# FL: Register emergency contact information with the state



## Rum Runner (Jul 7, 2008)

Some but not enough wear or carry emergency contact information while riding. Even if you do, you'll see the importances of this site. 
*
Register emergency contact information with the state.*

Saw the article in the Bradenton Herald this morning and thought I would share it. The article came from http://www.sun-sentinel.com.


*Register emergency contact information with the state

By Michael Turnbell, Sun Sentinel
October 15, 2011

Authorities often try to find family members by using license plates and drivers' licenses to look up the addresses of people injured in accidents.

If the information is wrong or if victims live alone, it can take officials hours or days to find relatives.

Florida residents can make that task easier by registering their contact information with the state.

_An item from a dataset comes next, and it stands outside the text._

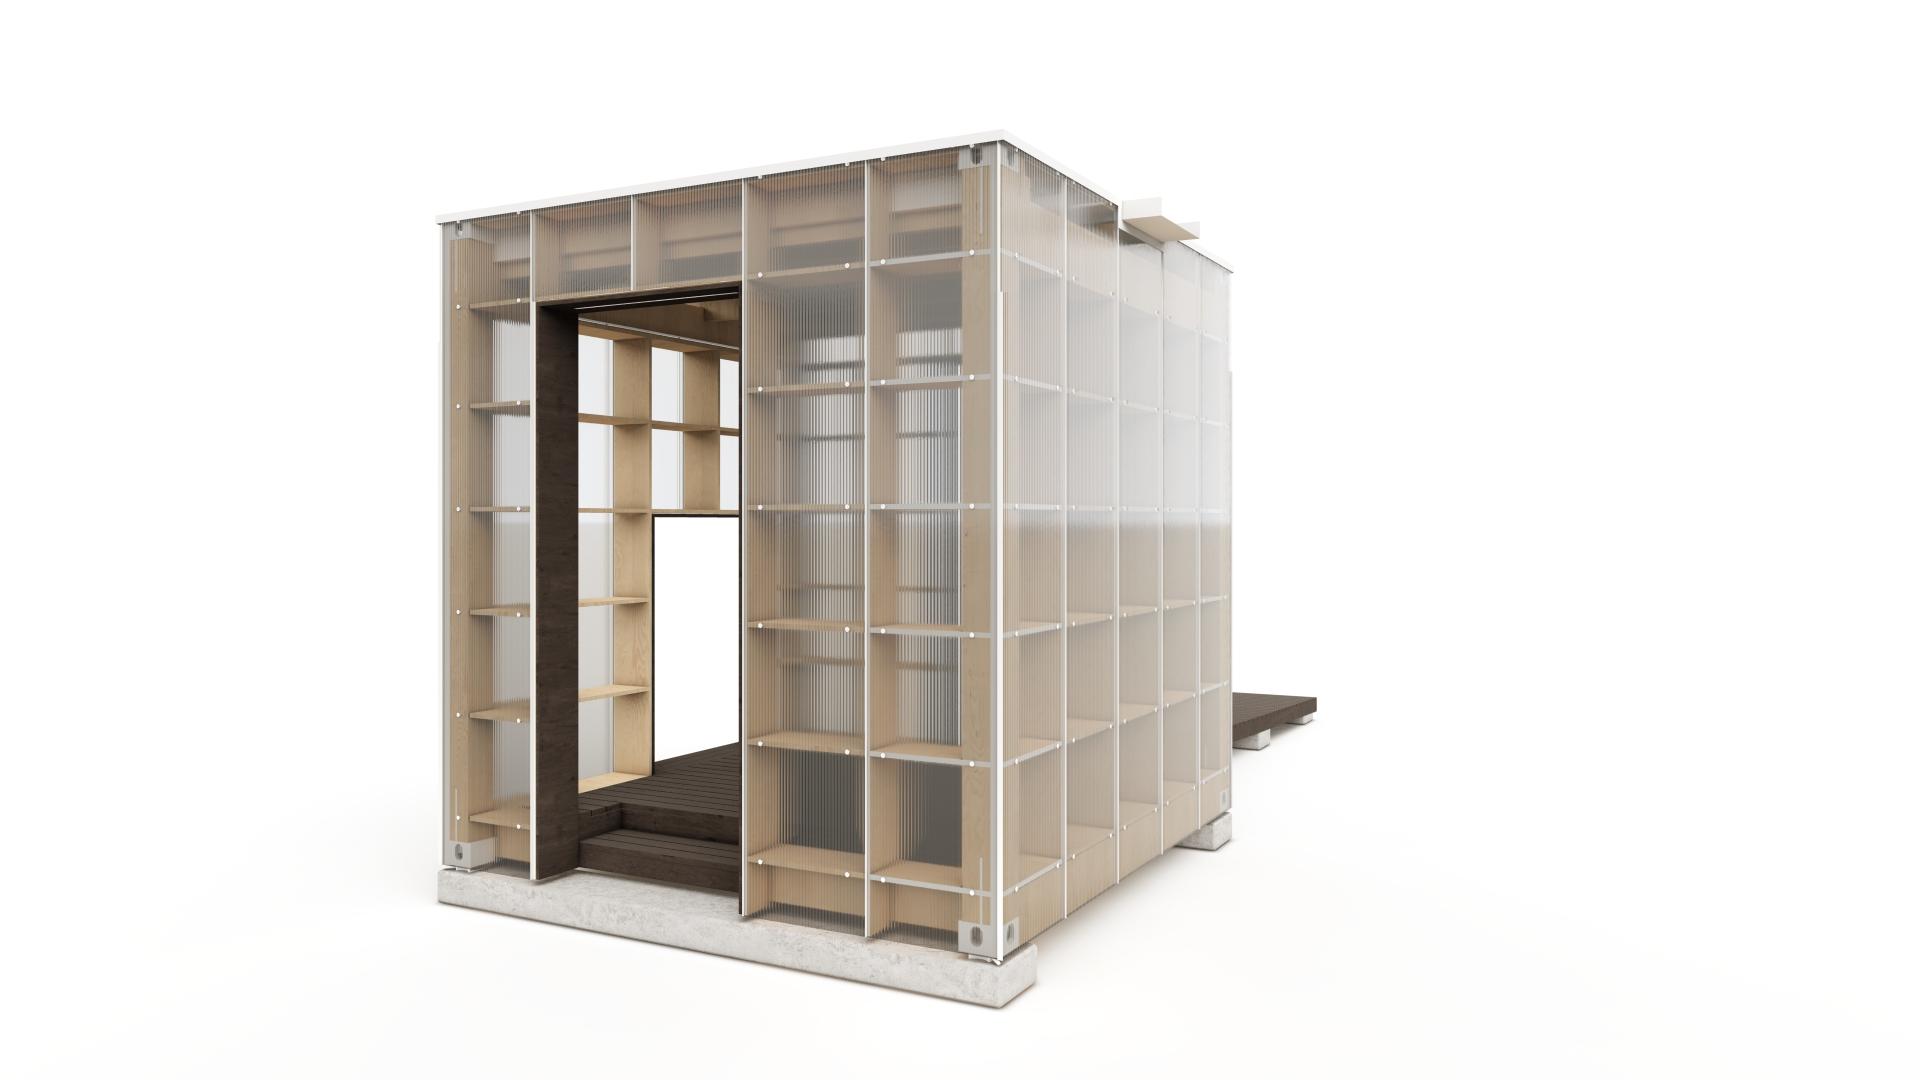 Cuboids - 369 Pattern Buildings project

But only 5 million Floridians have done so since the option became available in 2006.

The state's motor vehicle office wants to boost the number of people who register.

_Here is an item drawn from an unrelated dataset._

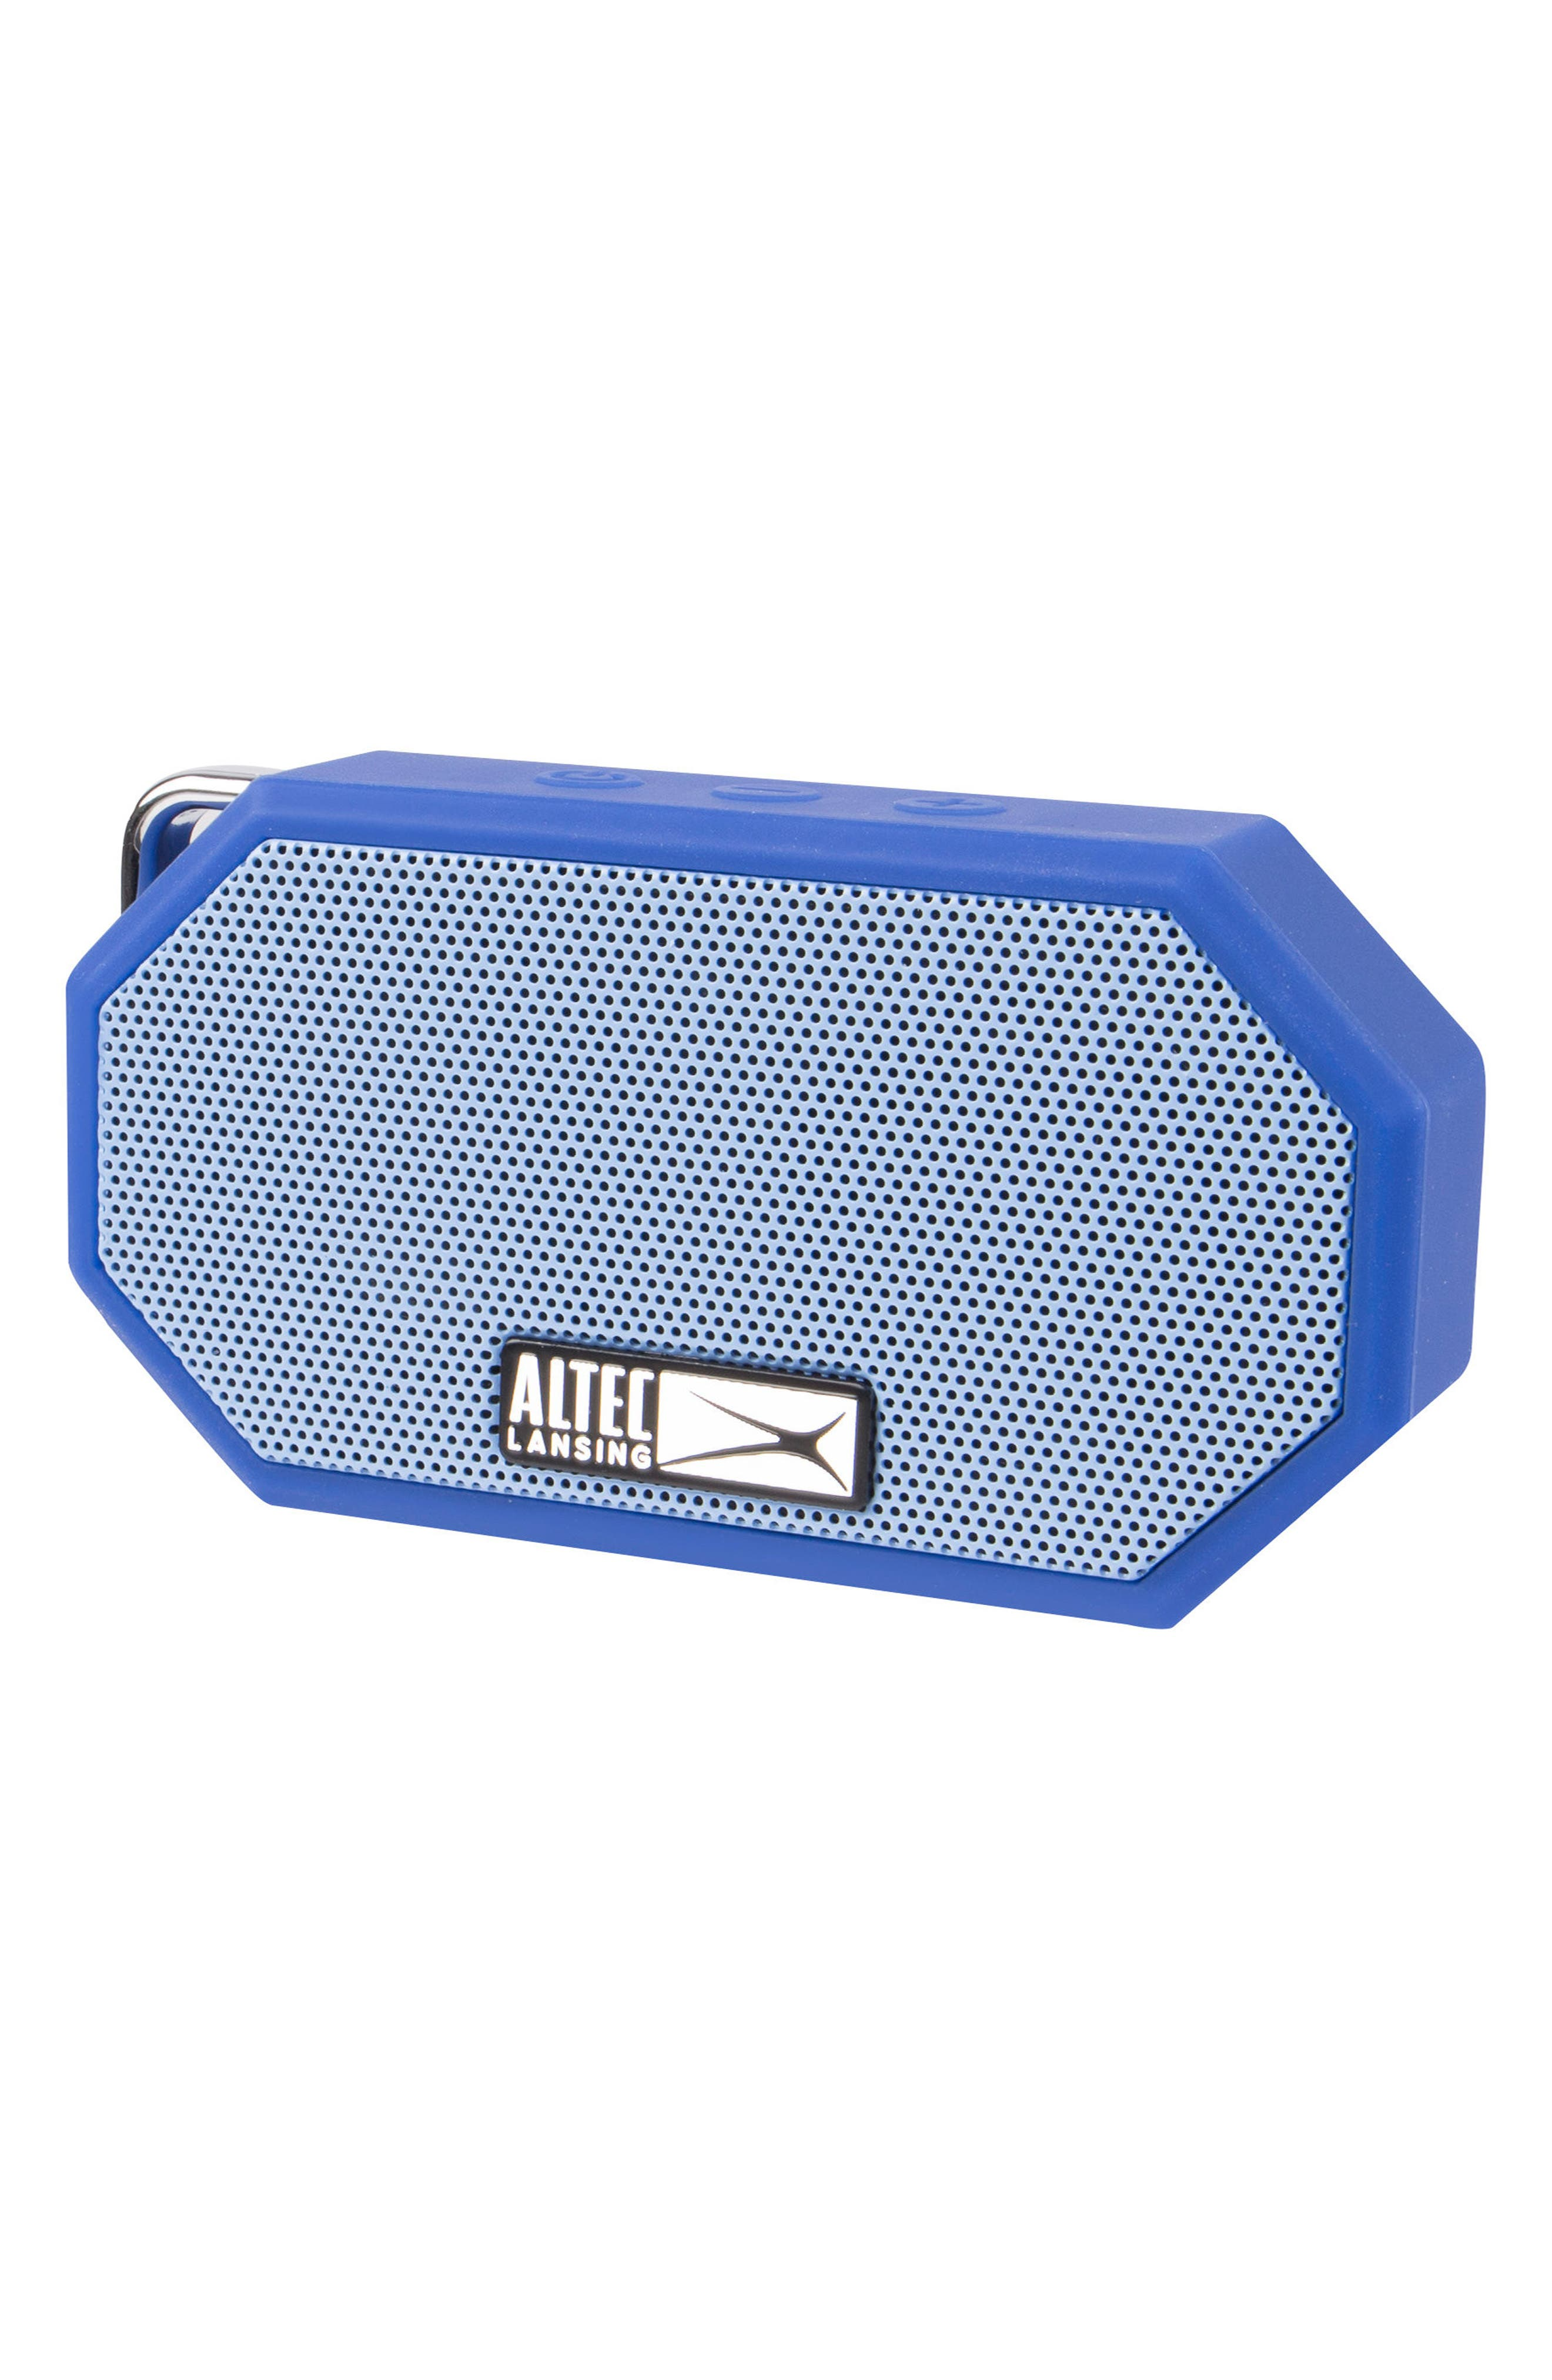 Altec Lansing Mini H2O 3 Waterproof Compact Speaker

Interested people can provide two contacts either online at http://www.flhsmv.gov/eci or at any driver license office, including those operated by county tax collectors. It's free.

The emergency database was named after Tiffiany Olson, 22, who, along with her boyfriend, Dustin Wilder, was killed in a crash in 2005 in Manatee County. Officials couldn't reach the pair's families for hours after the wreck because they didn't have any contact information.

Officials say quick notification can save time and anguish for families.*


----------



## avmech (Jun 2, 2011)

Good info, thanks!!!


----------